3. Firestore for Memory

Agent memory — conversation history, learned preferences, accumulated knowledge — lives in Firestore. It's serverless, automatically scales, and costs fractions of a penny per operation. For a typical agent deployment handling 500 conversations per day, the Firestore bill is under £5/month.

4. Secret Manager for Credentials

API keys, channel tokens (WhatsApp, Slack, Telegram), database credentials — all stored in Google Secret Manager. Never hardcoded, never in environment variables, never in config files. Rotated regularly. Audited continuously.

5. Cloud Monitoring + Logging

Every agent action is logged. Every decision is traceable. If an agent sends an unexpected message to a customer, we can reconstruct exactly what happened, what data informed the decision, and why. This observability isn't optional — it's essential for trust, debugging, and compliance.

The Monthly Bill: Real Numbers

Here's what our typical SME deployment costs per month:

Component	Monthly Cost	Notes
Cloud Run (OpenClaw)	£8-25	Scales to zero overnight/weekends
Vertex AI (Gemini)	£15-40	Depends on interaction volume
Firestore	£2-5	Agent memory and sessions
Secret Manager	£0.50	Near-zero cost
Cloud Monitoring	£0-5	Free tier covers most SMEs
Total	£25-75	For a 24/7 AI agent workforce

Compare that to managed alternatives:

ChatGPT Teams: £20/user/month (and you still need to build the agent logic yourself)
Custom OpenAI API integration: £150-300/month (for comparable interaction volume)
Enterprise AI platforms: £500-2,000/month (Intercom Fin, Zendesk AI, etc.)

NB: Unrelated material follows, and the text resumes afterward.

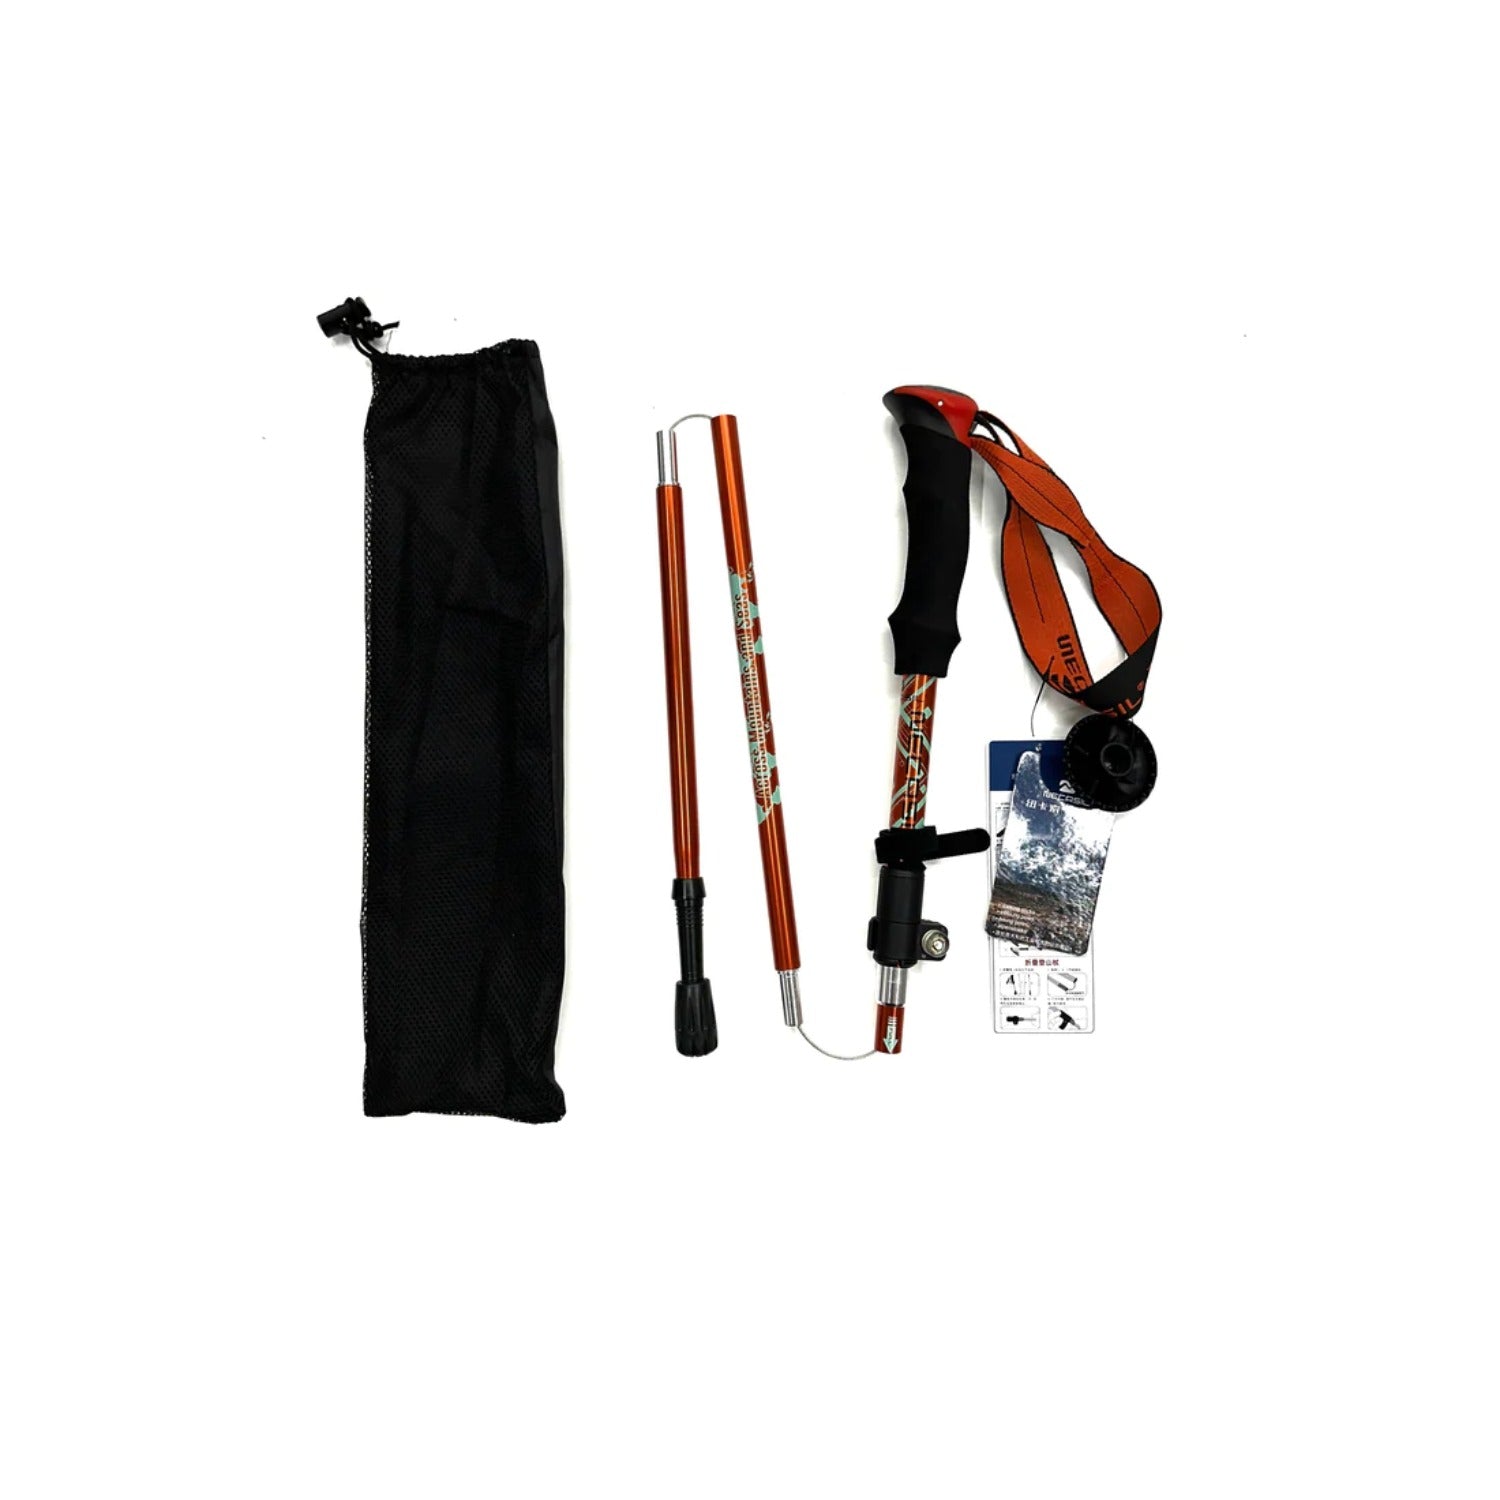 Buy Gokyo K2 Foldable Trekking Pole 33 Cms Orange | Trekking Pole at Gokyo Outdoor Clothing & Gear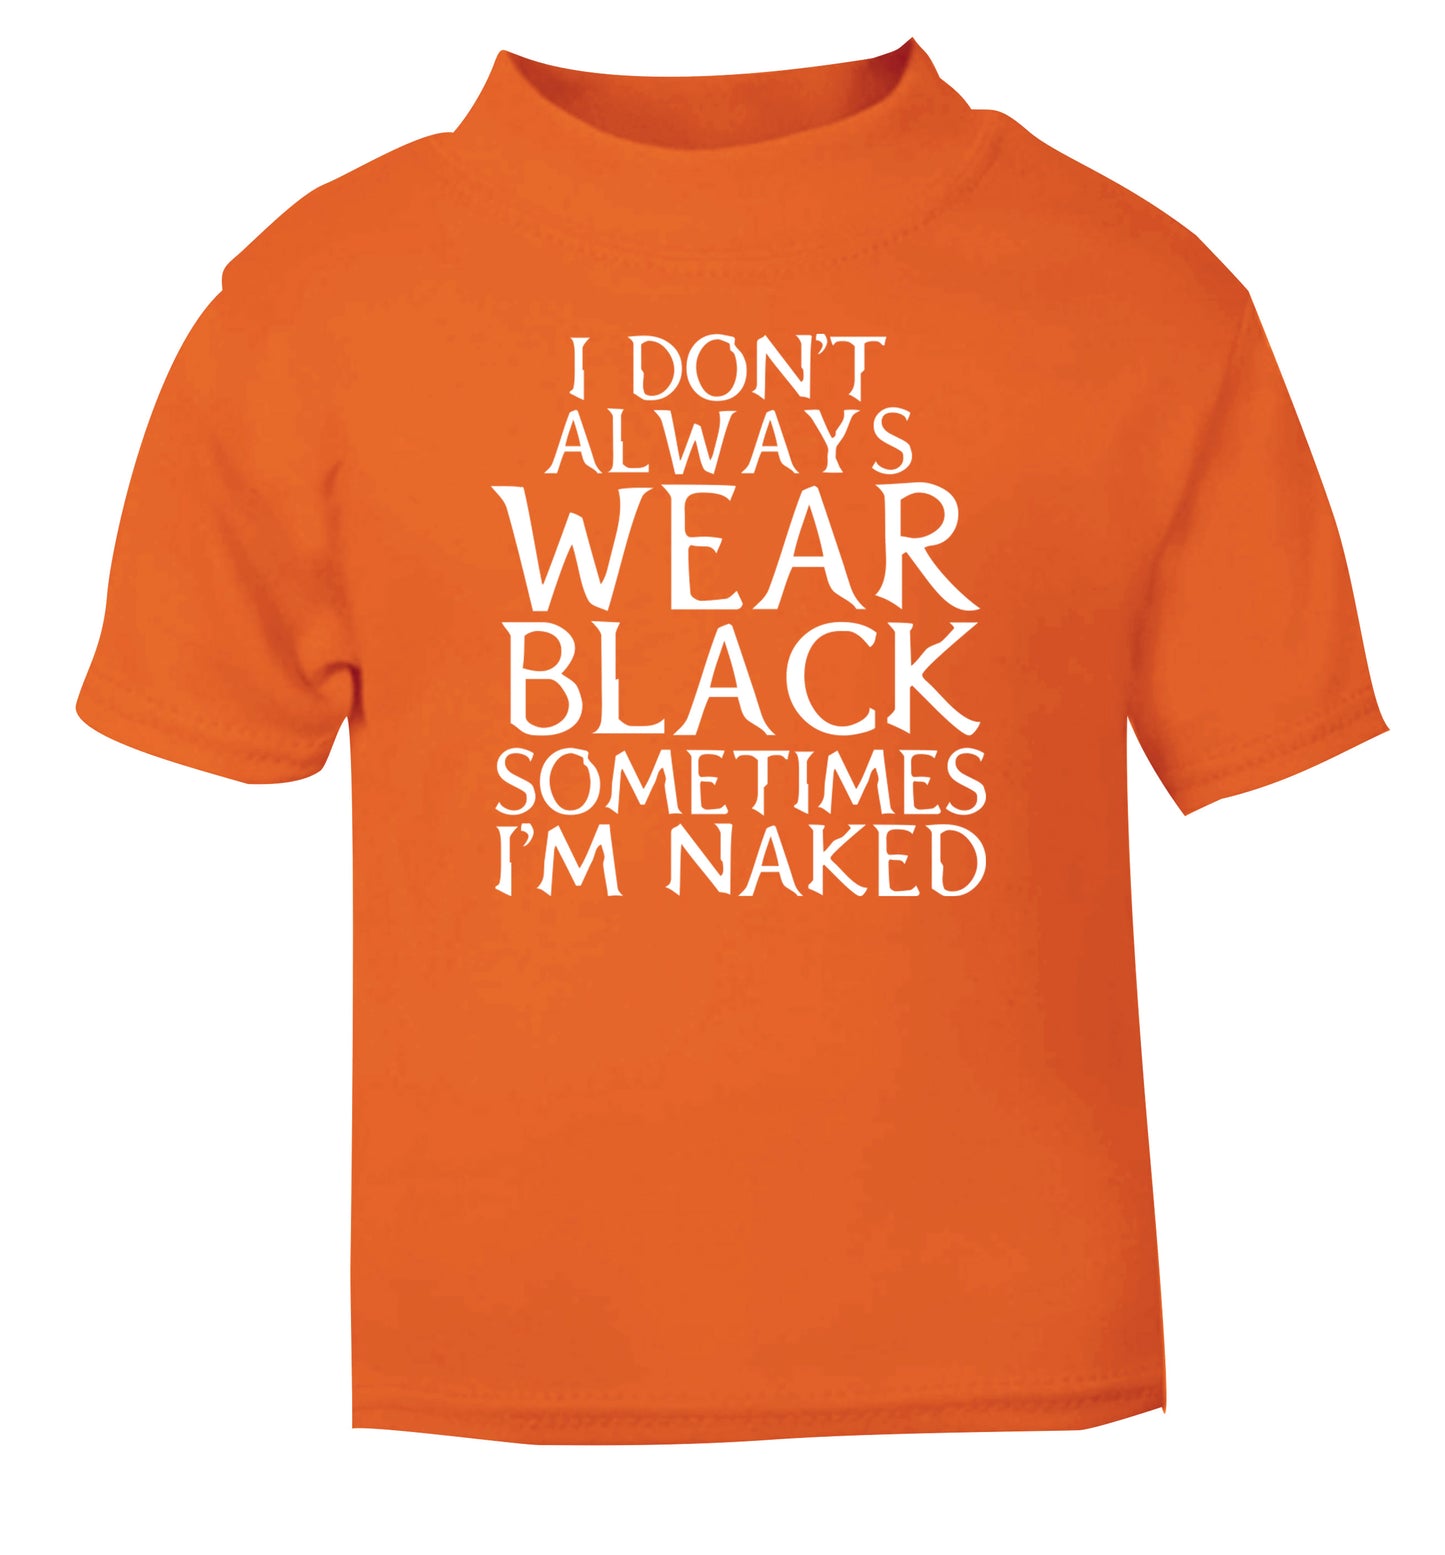 I don't always wear black sometimes I'm naked orange Baby Toddler Tshirt 2 Years

Self-hosting with OpenClaw on GCP can be significantly cheaper than managed alternatives at SME scale. And you get more control, better privacy, and no vendor lock-in.

The Operational Reality

Self-hosting sounds like it requires a dedicated DevOps team. With modern cloud infrastructure, it doesn't. Our deployments typically require:

Initial setup: 1-2 days (including channel configuration and agent tuning)
Ongoing maintenance: 1-2 hours per month (mostly reviewing logs and tuning agent behaviour)
Updates: Pull the latest OpenClaw image, redeploy to Cloud Run. Five minutes.

The infrastructure is boring. That's the point. Boring infrastructure lets you focus on what matters: the agent intelligence, the business logic, the customer experience. Not the servers.

Self-hosting AI isn't about being a technology purist. It's about cost, control, and compliance. For UK SMEs processing customer data through AI agents, it's increasingly the only responsible choice. And with OpenClaw on Google Cloud, it's never been easier.